**Directions for this task:** Set down all of the data exactly. Pictures stay out of the copy.
[Recorded data Boundary: Start]
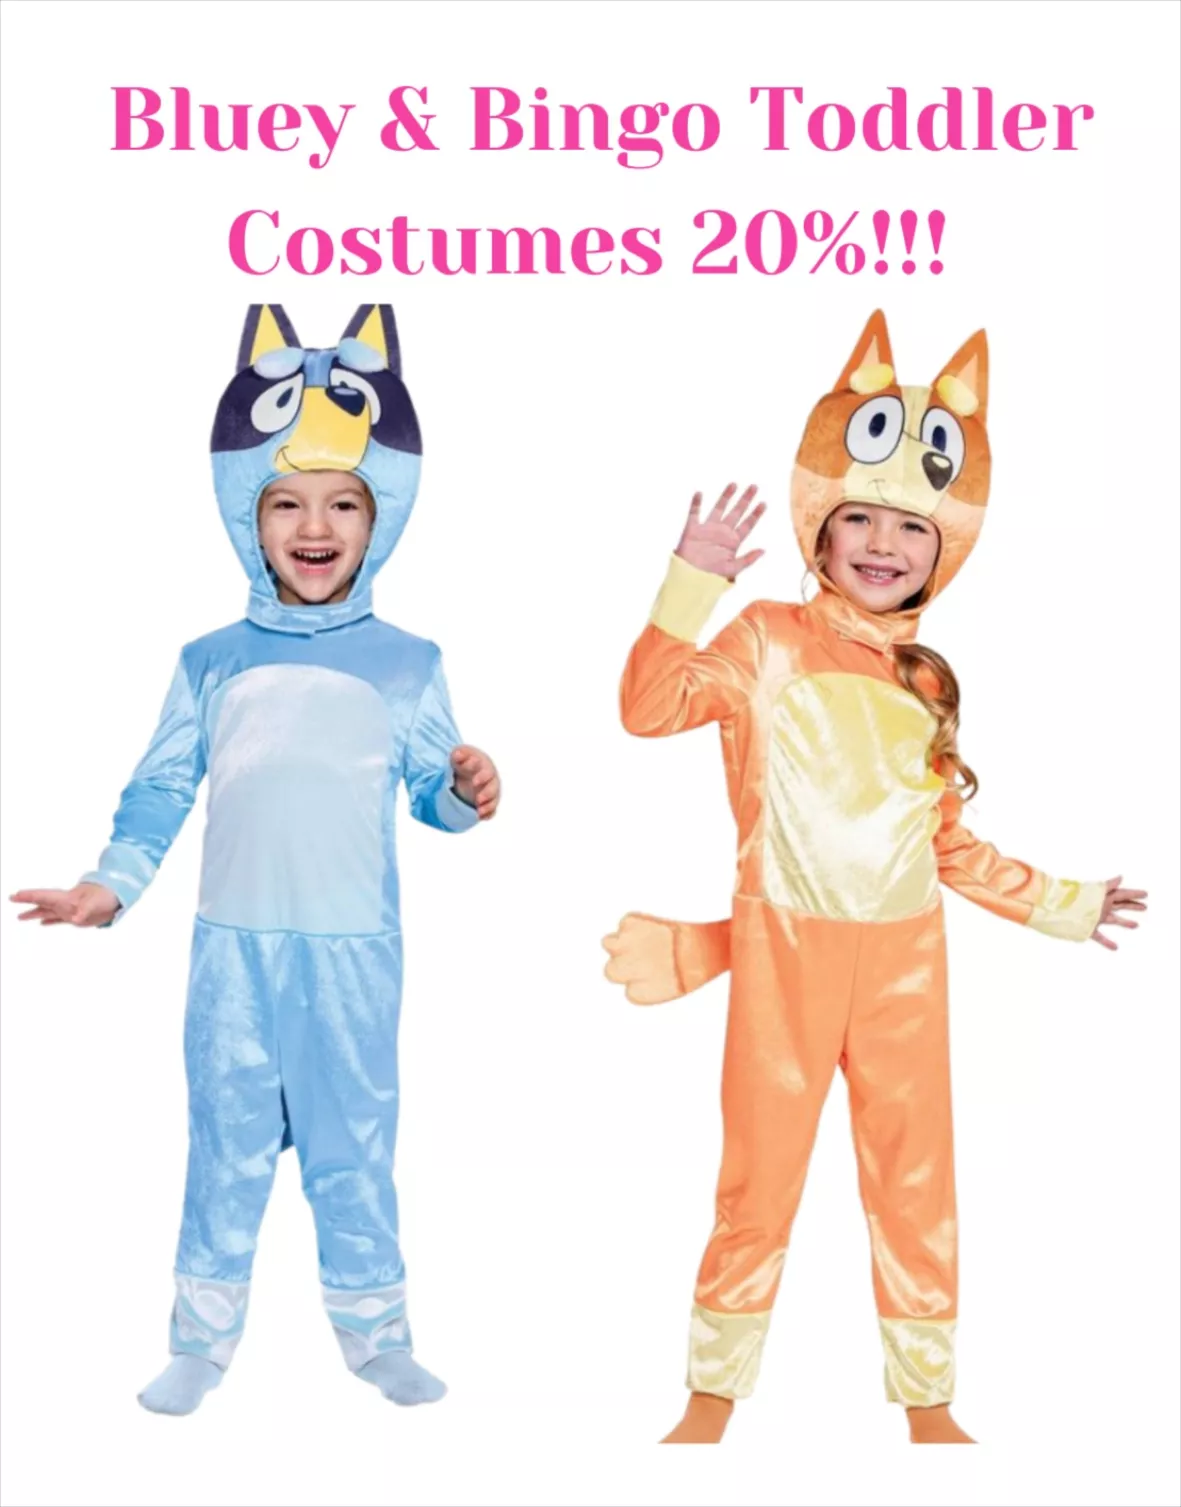 Bluey Costumes in Kids Halloween Costumes 
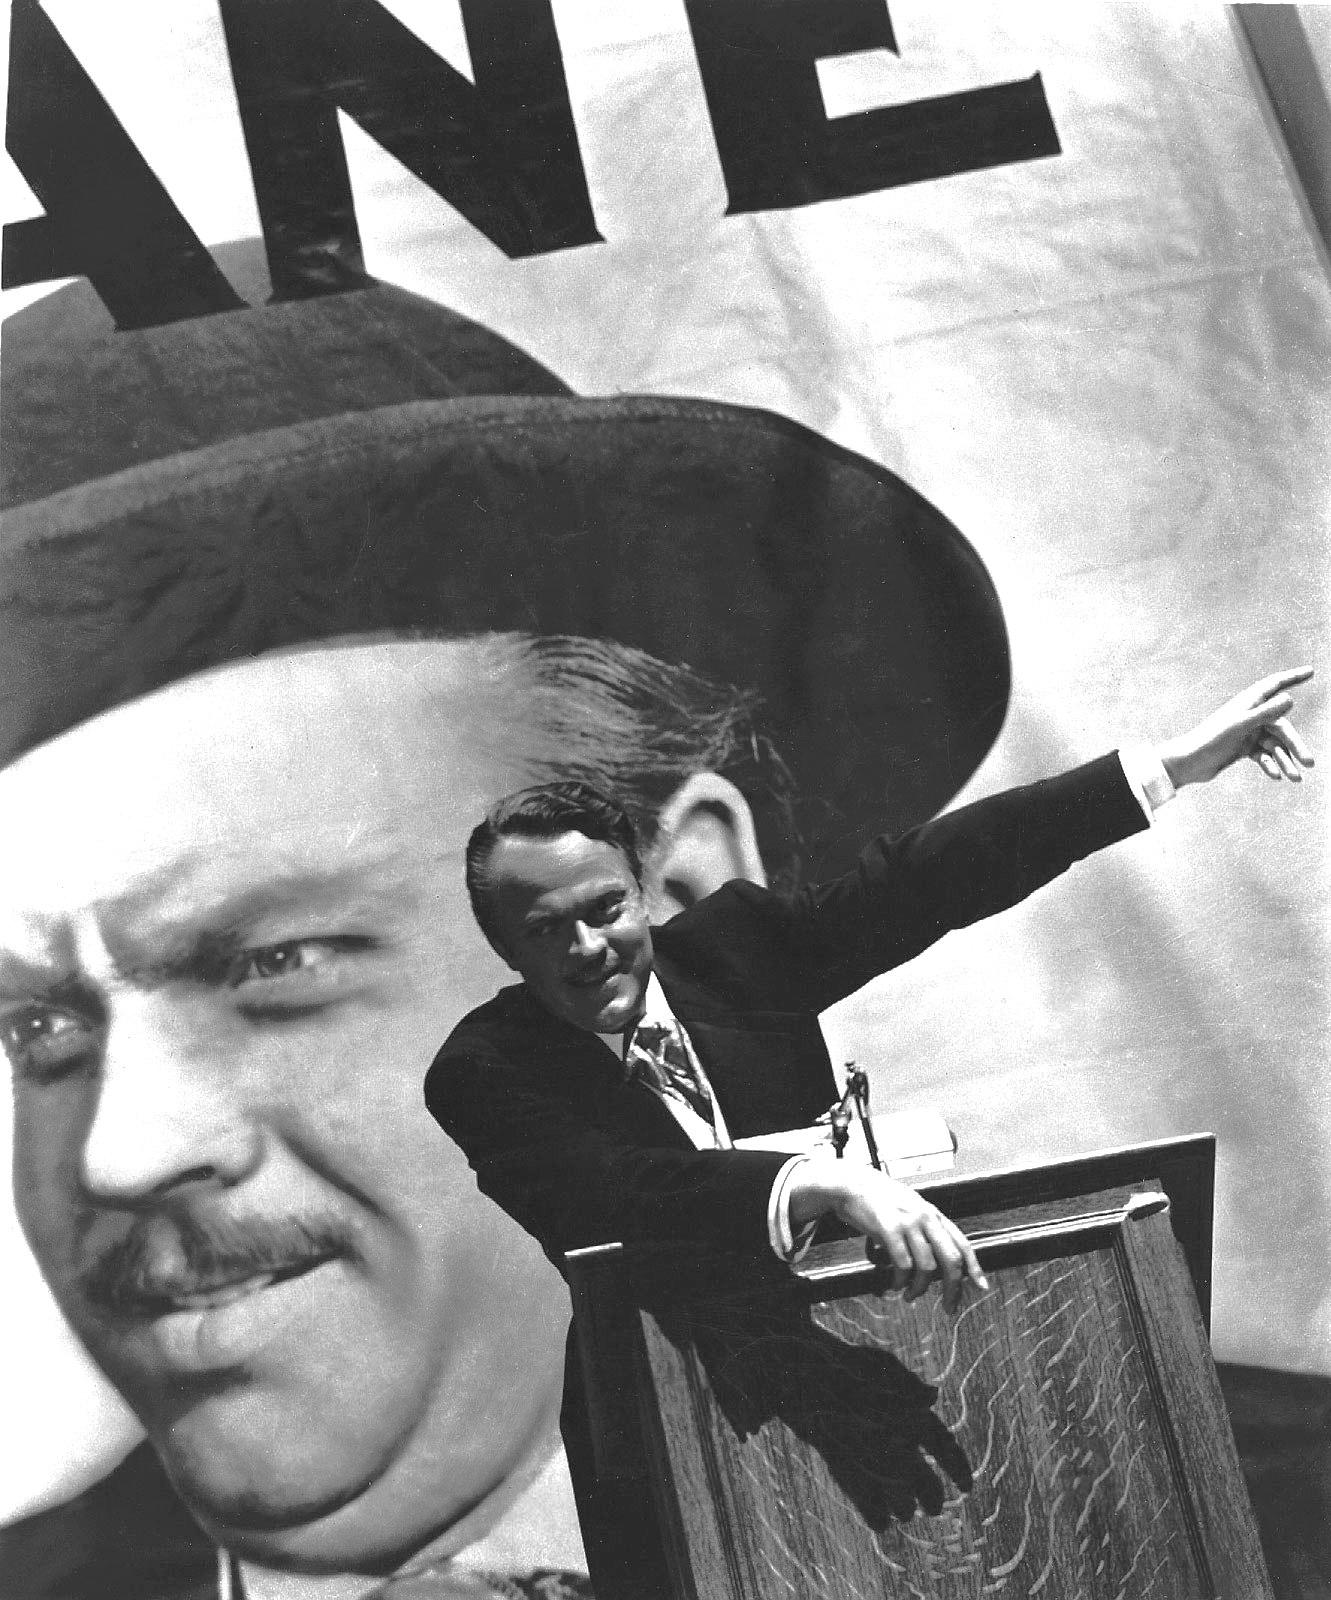 Citizen Kane Wallpaper High Quality
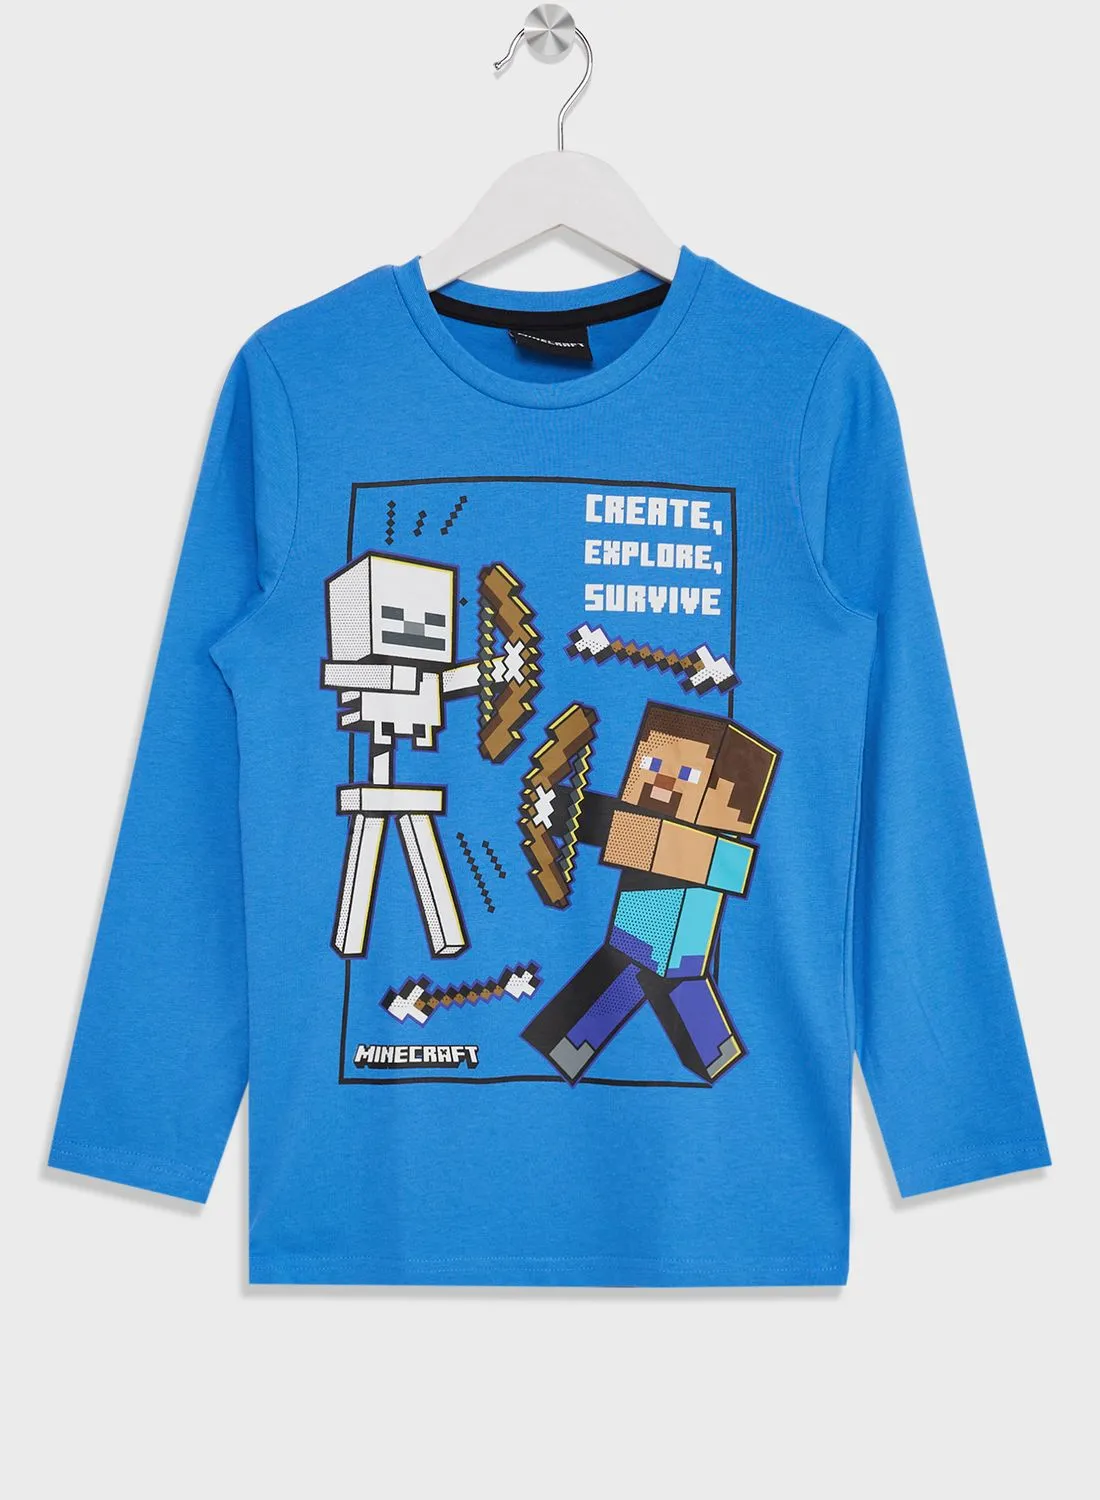 MINECRAFT Minecraft Boys Printed Long Sleeve T-Shirt
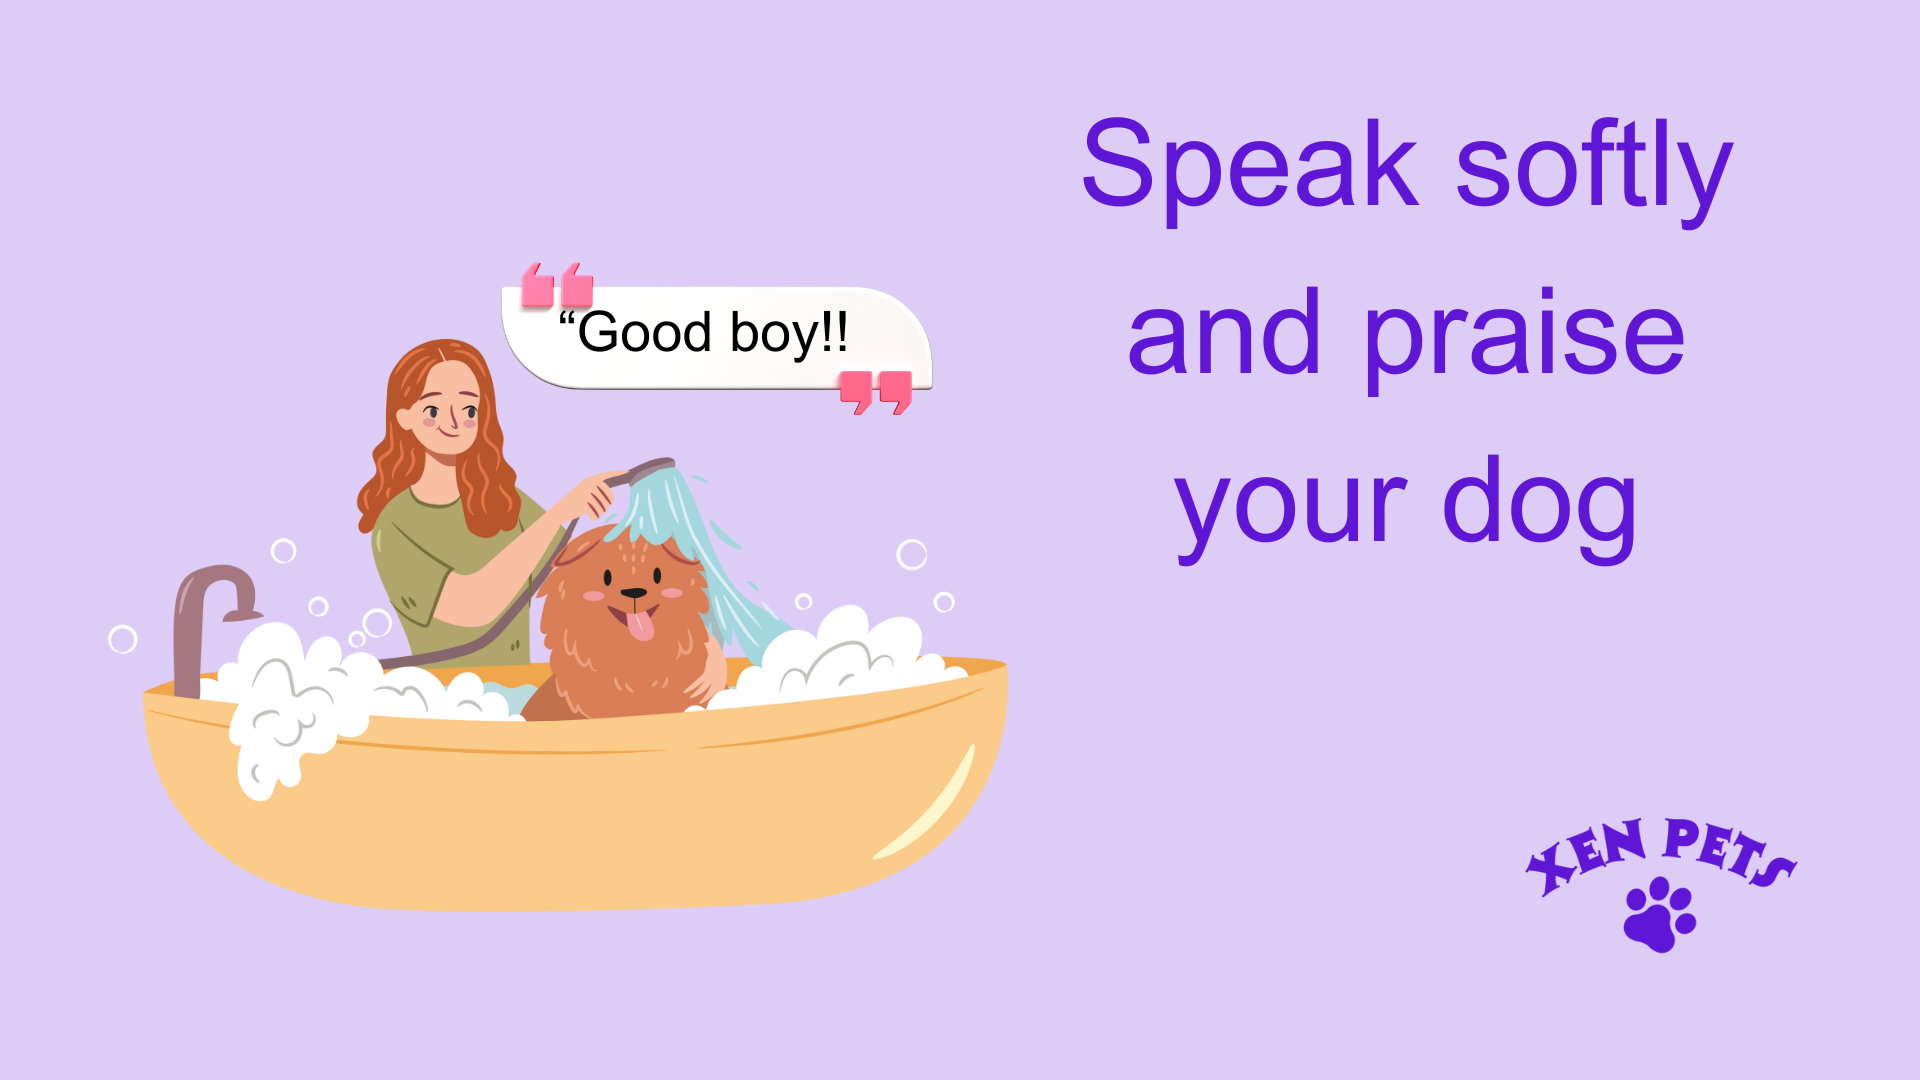 Speak softly and praise your dog
[Recorded data Boundary: End]
**Solution to this exercise:**
 Bluey Costumes in Kids Halloween Costumes 
 Citizen Kane Wallpaper High Quality
 MINECRAFT Minecraft Boys Printed Long Sleeve T-Shirt
 Speak softly and praise your dog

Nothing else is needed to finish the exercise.